Answer. I am informed by Bonneville that this Corps-managed, John
Day-The Dalles remote operation capability investment is scheduled to
be operational by the end of July 2004. Bonneville informs me that this
investment, when completed, will enhance system reliability and
operational flexibility since it will provide for operation of either
plant from the other (e.g. Corps operators could leave the control room
at one project to attend to emergencies at the navigation lock or
elsewhere in the powerhouse).
Responses to Questions From Senator Landrieu
Question 1. As you know, my region of the country has long enjoyed
reliable and affordable electricity. Given what has happened to FERC
approved PJM and MISO why should the Southeast embrace a totally
deregulation market concept at this juncture?

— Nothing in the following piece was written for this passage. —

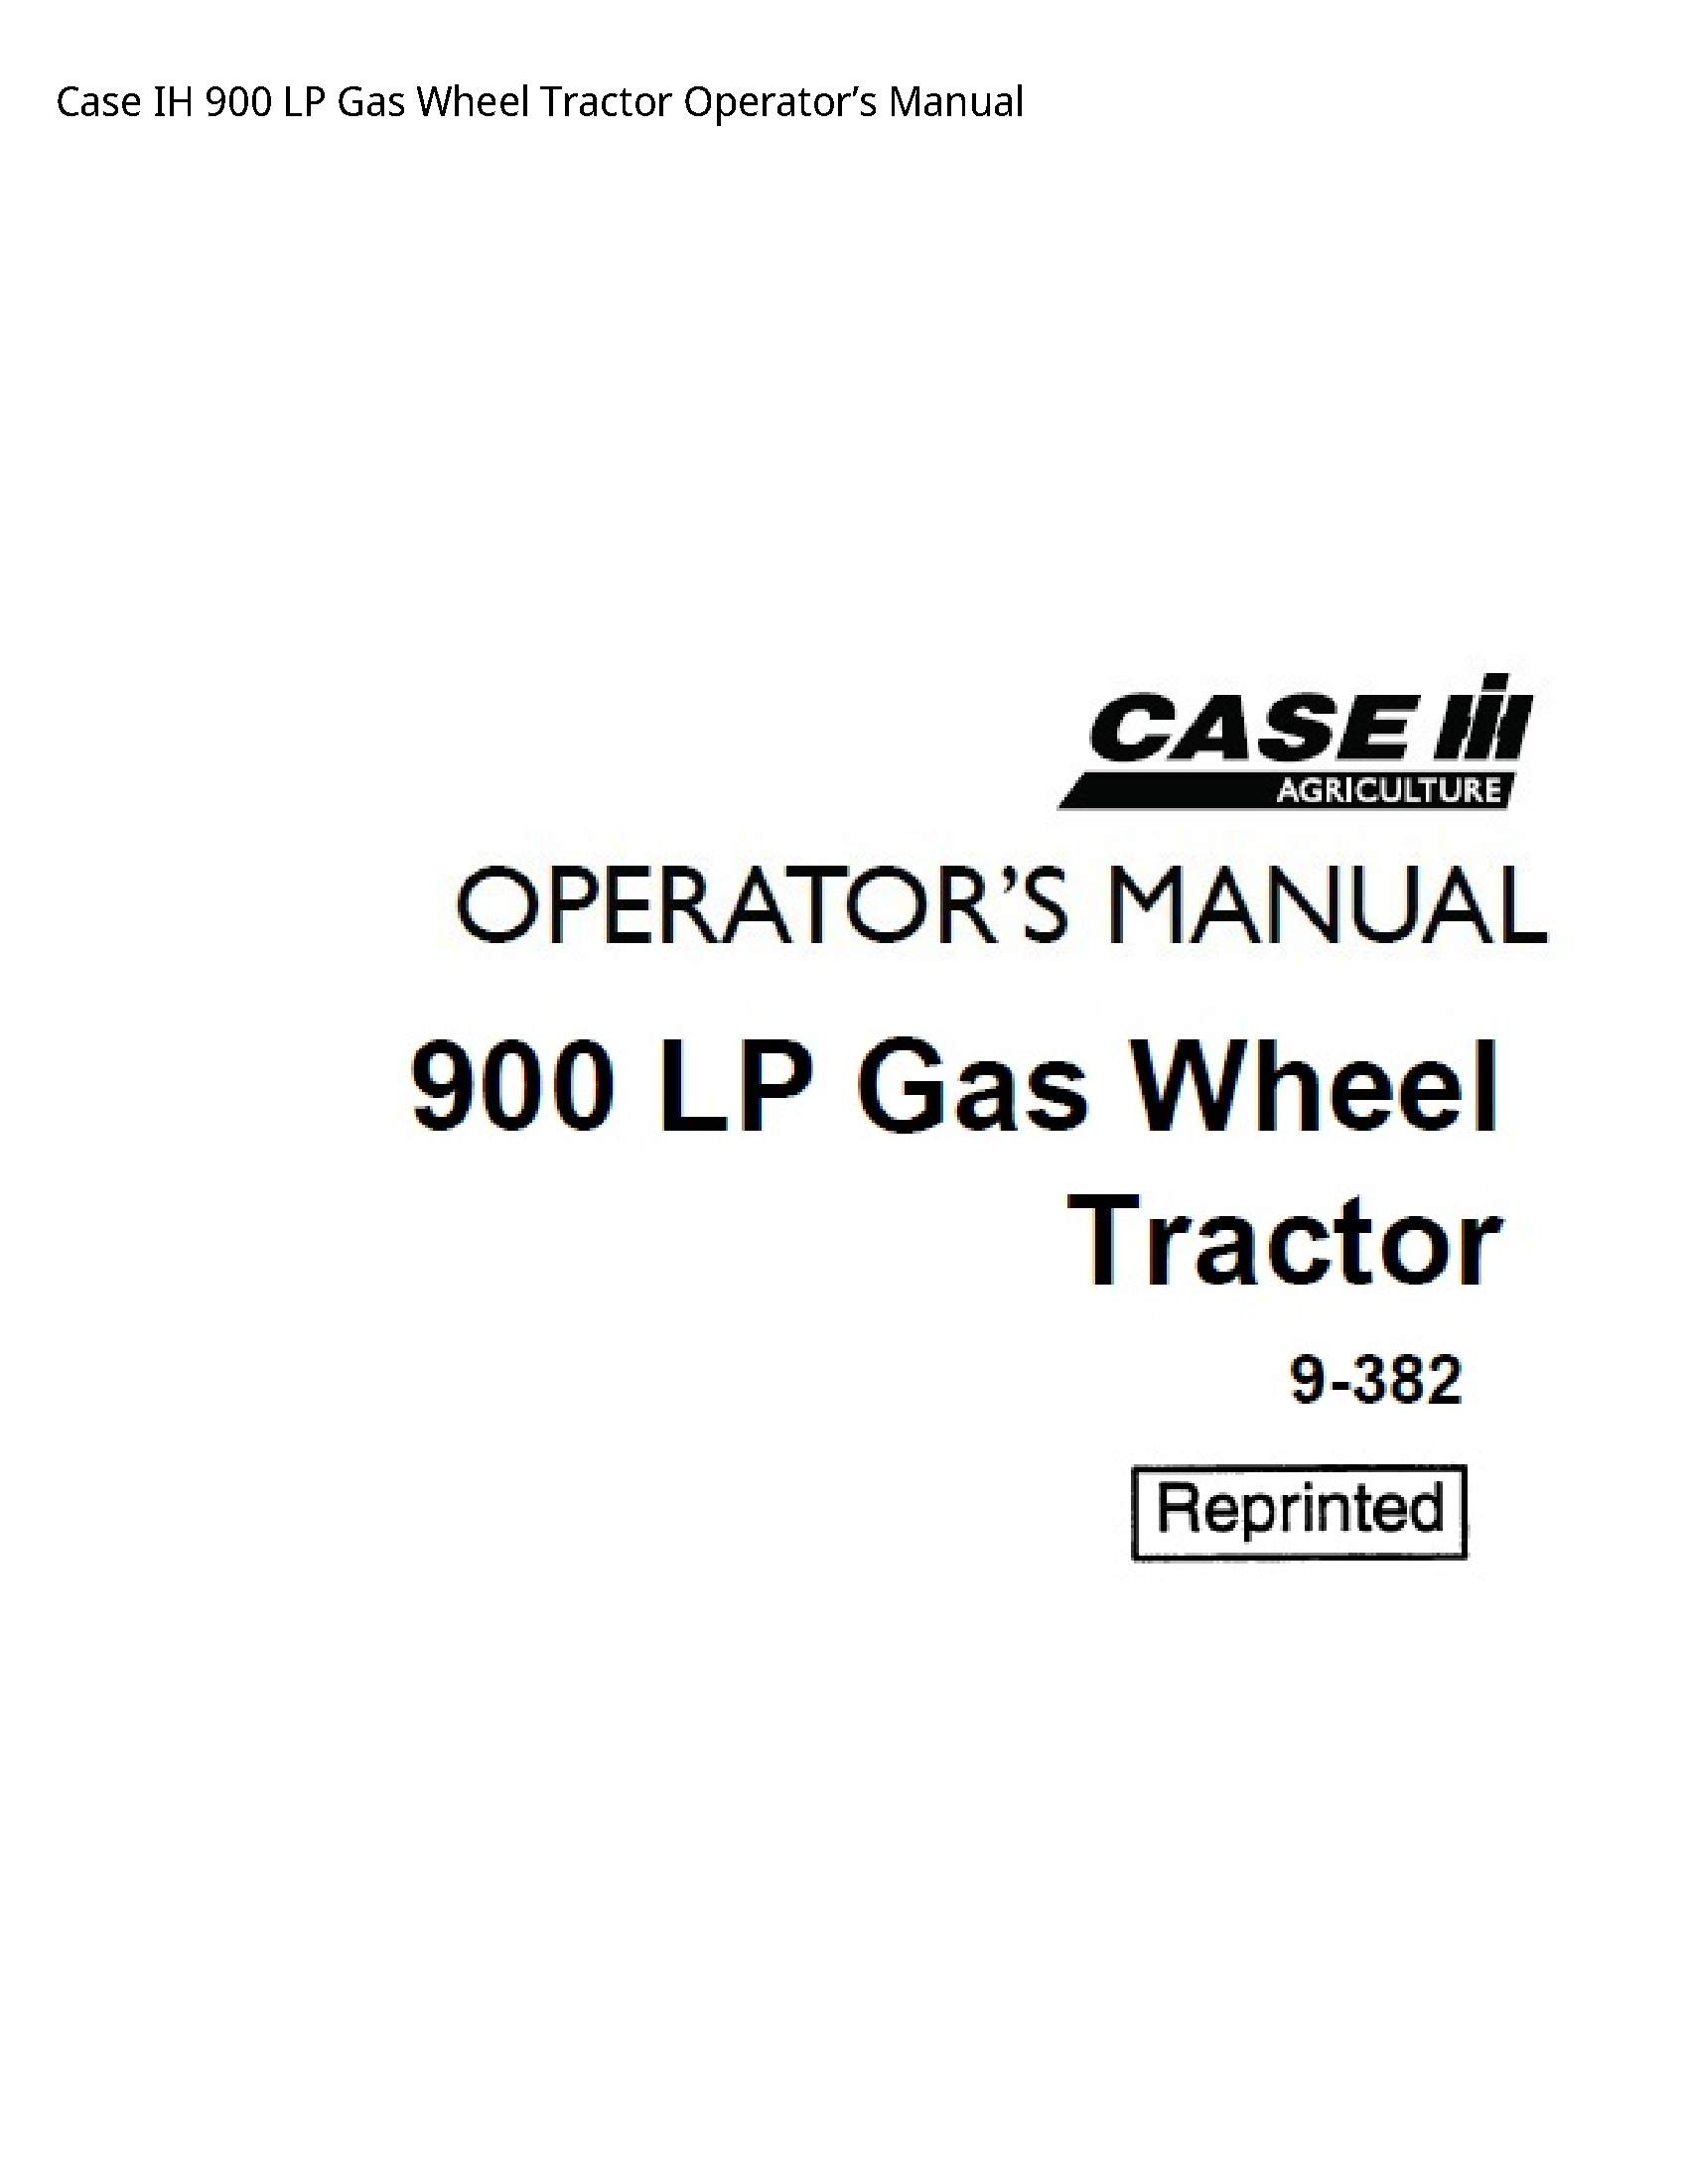 Case/Case IH 900 IH LP Gas Wheel Tractor Operator’s manual

Answer. The U.S.-Canada Power System Outage Task Force's
investigation has found no particular linkage between the restructuring
of the industry and the blackout. The August 14 blackout was caused by:
An insufficiency of reactive power resources in the
Cleveland-Akron area;
Inadequate situational awareness in FirstEnergy's control
room after its energy management system lost some critical
functions;
Inadequate management by FirstEnergy of electrical
clearances for transmission lines in its right-of-way areas;
Inadequate diagnostic assistance of FirstEnergy's problems
on August 14, 2003, by MISO and PJM.
The identified deficiencies in specific practices, equipment, and
human decisions could have occurred anywhere in the United States, and
are not indicative of any problems with a particular regulatory
structure. Further, many of the causes of the August 14, 2003, blackout
were similar to the causes of blackouts preceding restructuring of the
electricity industry.
Question 2. Does the Administration have a consistent position on
the time-frame for implementation of the Standard Market Design?
Answer. The incomplete transition to a restructured industry poses
one of the greatest challenges facing the electricity system today. The
transmission infrastructure is too vital to our Nation to leave in an
extended state of uncertainty. Some components of the Standard Market
Design are a high priority. For instance, the formation of regional
transmission organizations (RTOs) offers tremendous benefits, and must
be completed soon to meet regional challenges and maintain reliability.
However, the Administration also acknowledges the need to be flexible
to accommodate regional needs and differences. Therefore, it is very
difficult to give an exact time-frame for implementation since
timelines will vary region by region.